Diagnosing Diverticulitis

Diverticulitis is an extremely painful condition that develops when small pockets form in the intestine and become inflamed and infected. These pouches may form in any portion of the intestine, but most commonly form in the distal portion of the large intestine known as the colon. Inflammation and/or infection of these pouches may cause nausea, vomiting, fever, abdominal tenderness, constipation, diarrhea, and constant, severe abdominal pain, most often – but not exclusively – occurring in the lower left section of the abdomen. Symptoms of diverticulitis may closely resemble symptoms of appendicitis, and vice versa, so it is extremely important to seek medical attention and receive a proper diagnosis.

Diverticulitis is usually noticed and diagnosed while the patient is suffering an acute attack, as this is when the pain is likely to prompt a patient to seek medical attention. Since abdominal pain may be indicative of a wide variety of conditions, your doctor is likely to be very thorough in examining you. A thorough physical examination will likely be the first step in diagnosing diverticulitis. Women may also have a pelvic exam performed to rule out reproductive conditions as the cause of abdominal pain.

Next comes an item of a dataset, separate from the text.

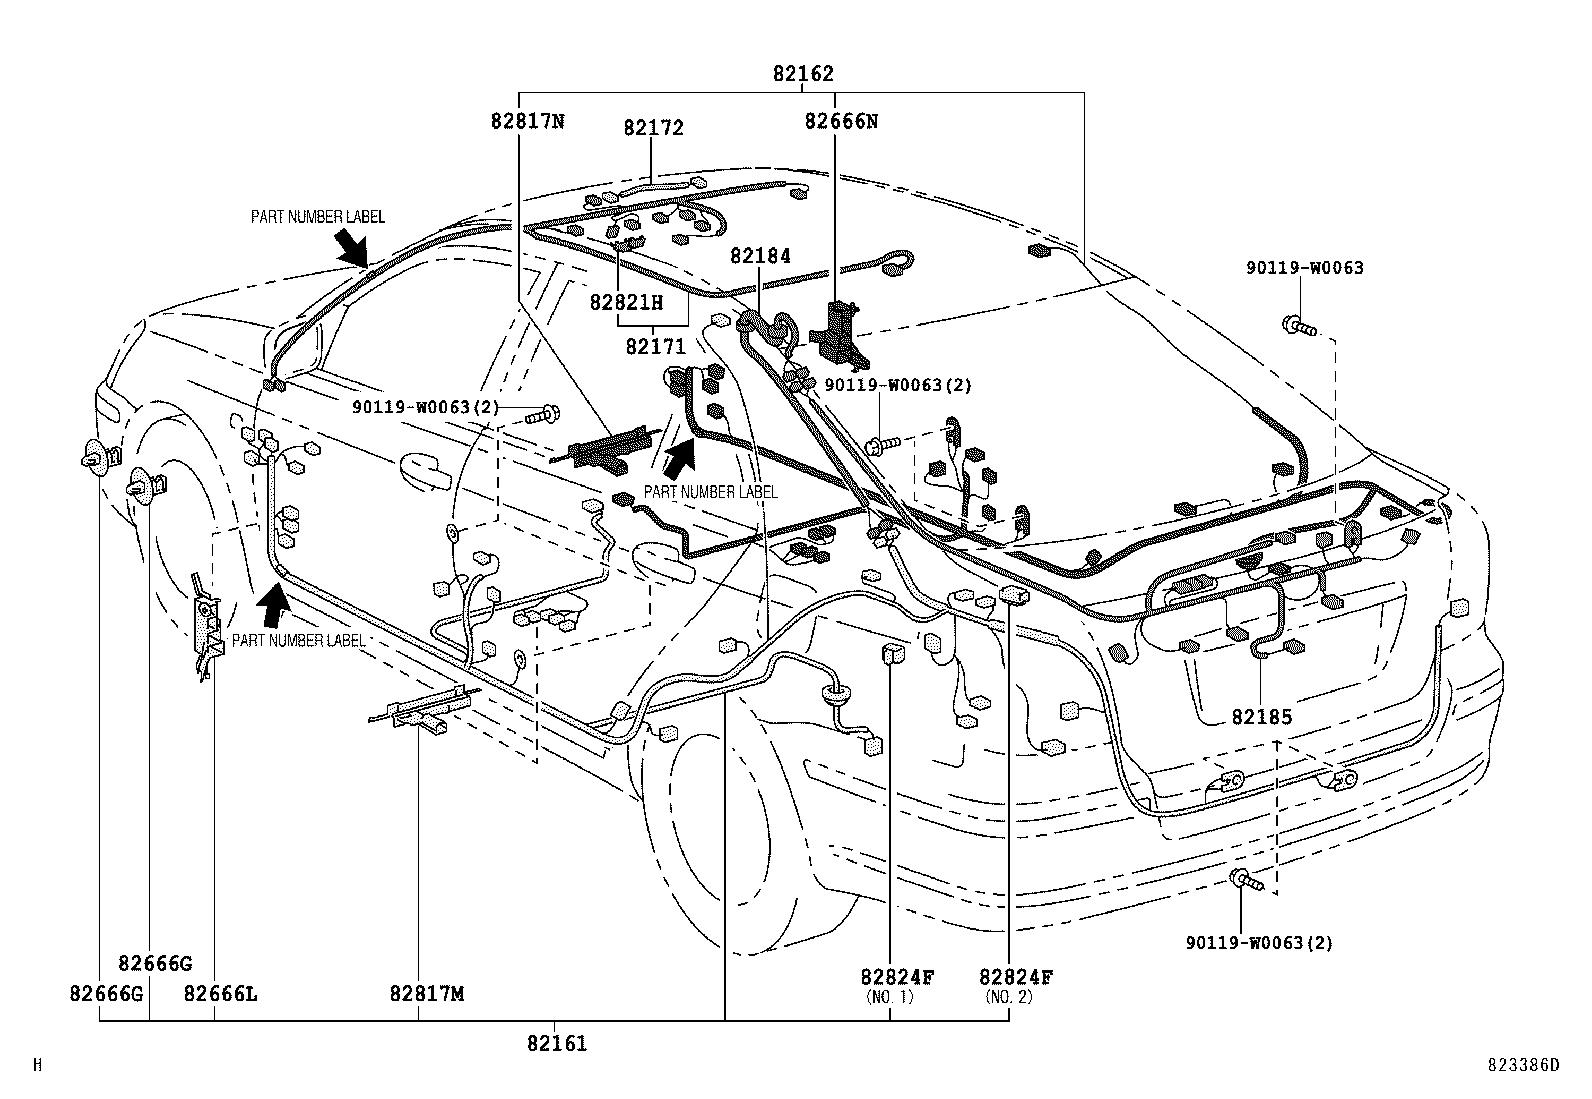 Toyota Avensiscdt250l-almeyw - Electrical

Once the physical examination is complete, your doctor may order additional tests. These tests may include:

  • Urine tests

  • Blood tests

  • Pregnancy tests for women

  • Liver function tests

  • Stool test, though this test may not be performed on patients with constipation

  • CT Scan – This is an imaging test which may identify inflamed pouches in the large intestine, making it the most definitive test for diagnosing diverticulitis. These scans may also help determine the severity of diverticulitis and be a useful tool for determining the best course of treatment.

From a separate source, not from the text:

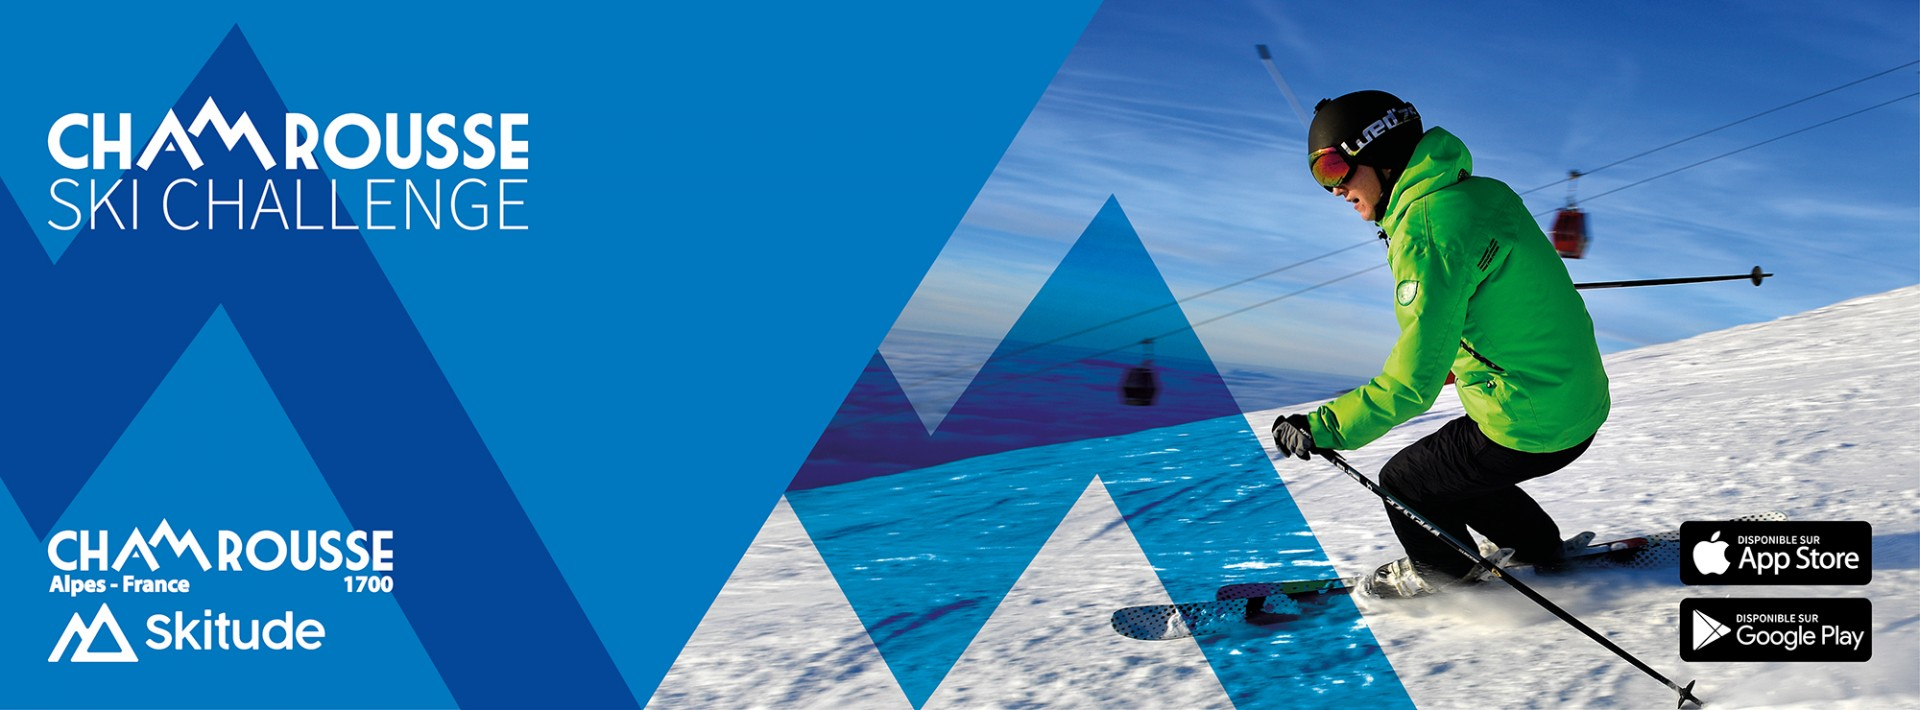 Chamrousse ski challenge

Mild diverticulitis may be treated at home. Oral antibiotics and painkillers may be prescribed, though some doctors may simply recommend the use of over-the-counter painkillers. While suffering an acute diverticulitis attack, a patient may wish to observe a liquid diet to make digestion easier until the pain subsides. A severe attack or diverticulitis accompanied by other health conditions may require hospitalization and intravenous antibiotics. If an abscess has formed, a tube may need to be inserted to drain fluid from the area. In extreme cases, cases of patients with recurrent episodes of diverticulitis, or cases of serious complications, surgery may be needed.

Diverticulitis may lead to serious complications, and the symptoms may easily indicate another condition. It is important to seek medical attention during a diverticulitis flare-up and receive proper treatment every time.